Les cambistes regardent les écrans dans la salle des marchés de la KEB Hana Bank à Séoul, en Corée du Sud, le mercredi 6 mai 2020

En Asie du Sud-Est, nous voudrions souligner les différences que nous observons entre deux pays qui, malgré la distance, peuvent sembler similaires : la Thaïlande et l'Indonésie. 

La Thaïlande souffre déjà considérablement du coronavirus, car le tourisme, qui représente près de 11,5 % de son PIB, s'est presque évaporé, sans compter que le tourisme a des ramifications dans de nombreux secteurs de l'économie. Trois plans de relance budgétaire équivalant à 13 % du PIB ont été récemment annoncés, ce qui a aggravé le déficit budgétaire de 2,6 % que le gouvernement avait déjà prévu dans son budget avant ces mesures de relance. Sans surprise, le baht thaïlandais s'est déprécié de 7,1 % par rapport au dollar américain depuis le début de l'année. Mais ce qui nous préoccupe le plus en Thaïlande, c'est l'impact à long terme du coronavirus sur l'industrie aéronautique, et plus particulièrement la disparition actuelle des compagnies aériennes à bas prix que la pandémie a déclenchée et dont l'industrie touristique thaïlandaise a grandement bénéficié. Sans les compagnies aériennes à bas prix qui attirent des foules de touristes, les stations balnéaires de Thaïlande pourraient être très différentes à l'avenir.

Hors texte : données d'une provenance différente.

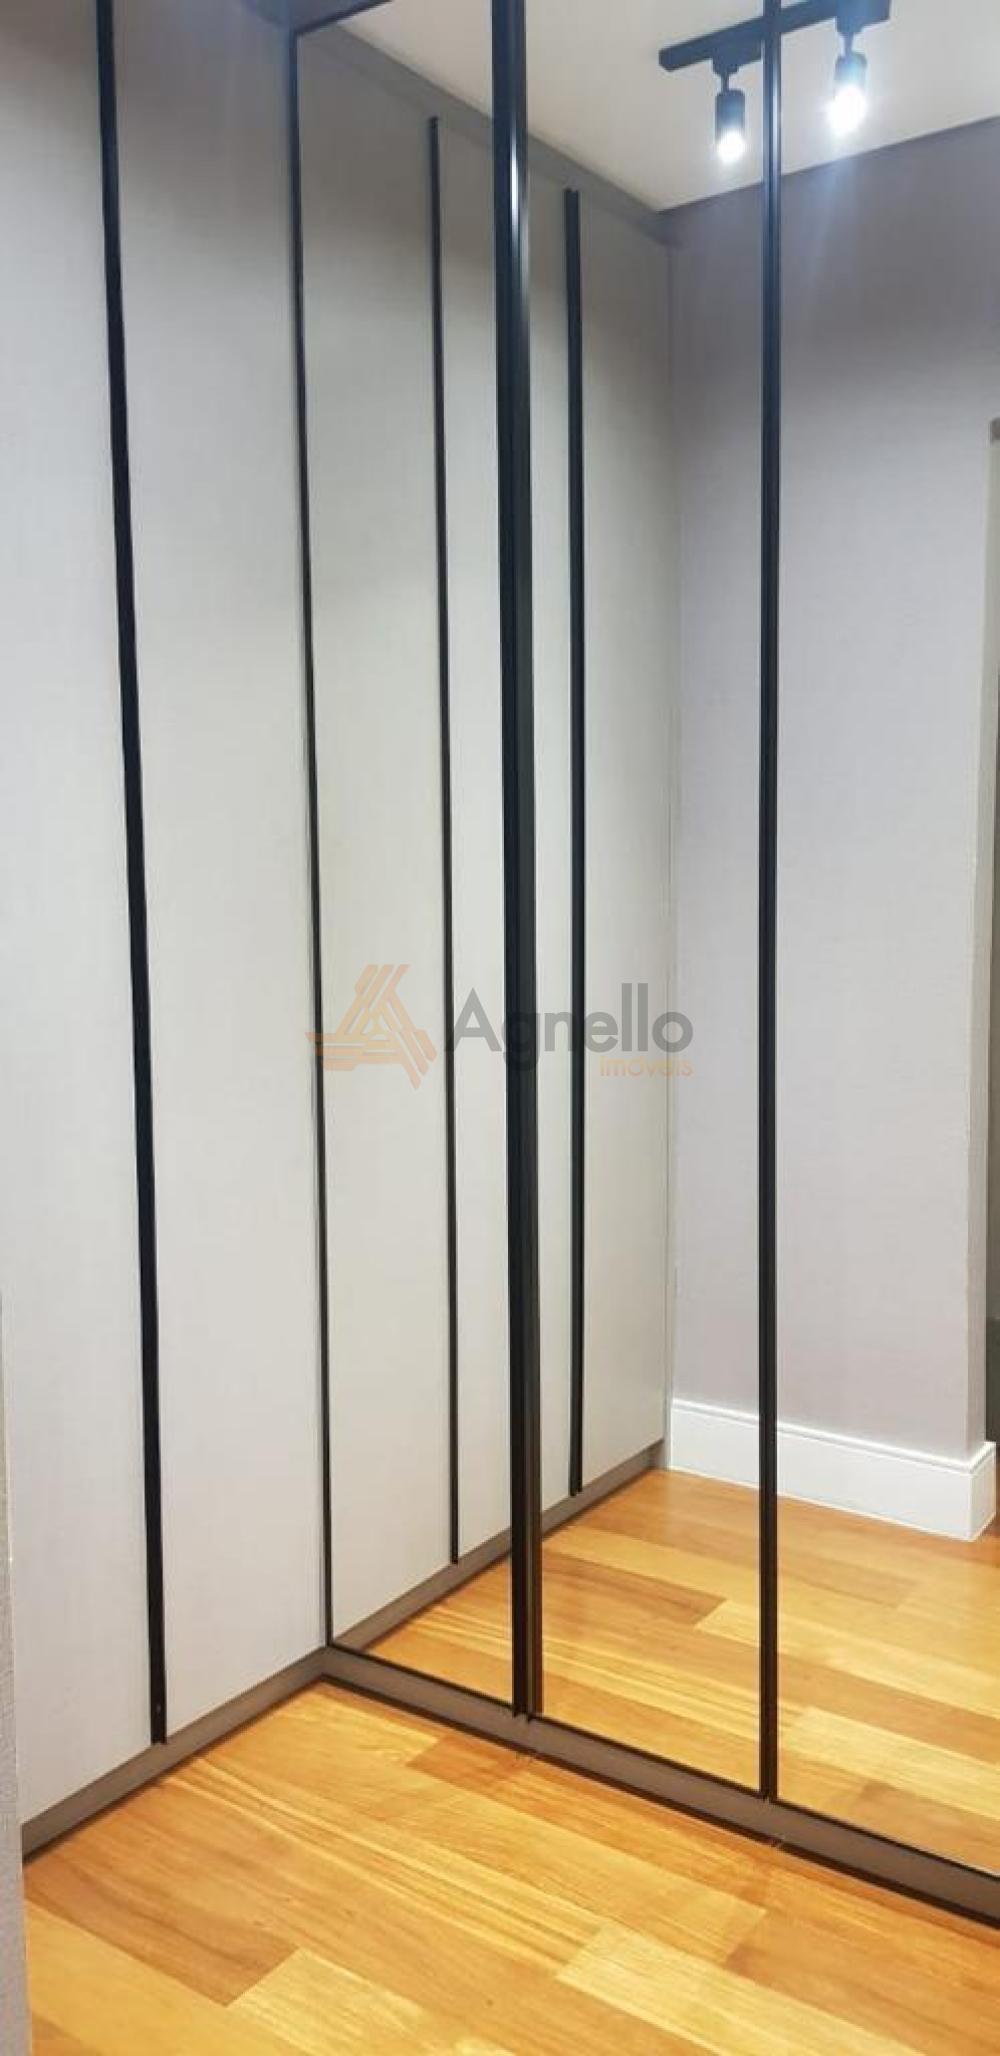 Comprar Apartamento / Padrão em Franca R$ 1.300.000,00 - Foto 15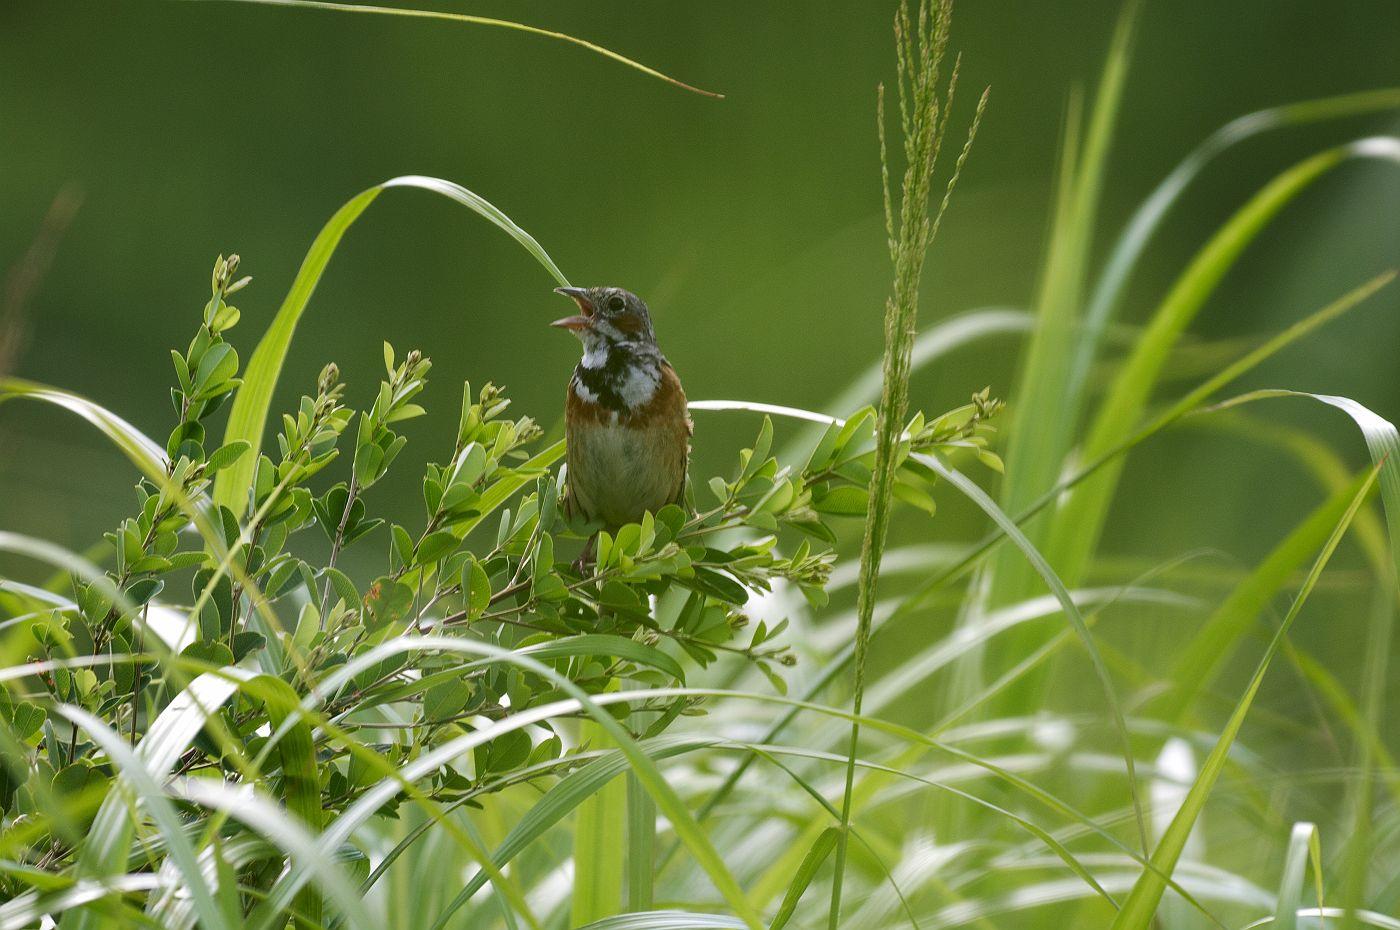 BORG71FLで撮影した野鳥・ホオアカの写真画像

Les gens mangent entre des cloisons en plastique, établies dans le but de contenir toute propagation du coronavirus, au restaurant Penguin Eat Shabu Hotpot à Bangkok, le 5 mai 2020

En Indonésie, environ la moitié du pays est isolée. Cependant, la version indonésienne de l'enfermement n'est pas drastique : les gens peuvent mener une vie normale dans leur localité même si celle-ci est soumise à un contrôle d'accès strict pour les étrangers. La Banque d'Indonésie a réussi à rassurer les investisseurs étrangers, qui sont d'une importance capitale, car ils contrôlent 32 % de la dette souveraine du pays. La banque centrale s'est engagée dans un exercice d'assouplissement quantitatif équivalent à 3 % de son PIB, a réduit son ratio de réserves obligatoires pour les banques et, surtout, a signé un accord de swap de 60 milliards de dollars avec la Réserve fédérale américaine. Cela a suffi pour que la roupie s'apprécie de 10 % en avril, après s'être dépréciée de 17 % au cours du premier trimestre de l'année. Ce sont des mesures décisives qui nous donnent confiance dans la trajectoire à long terme de l'économie indonésienne.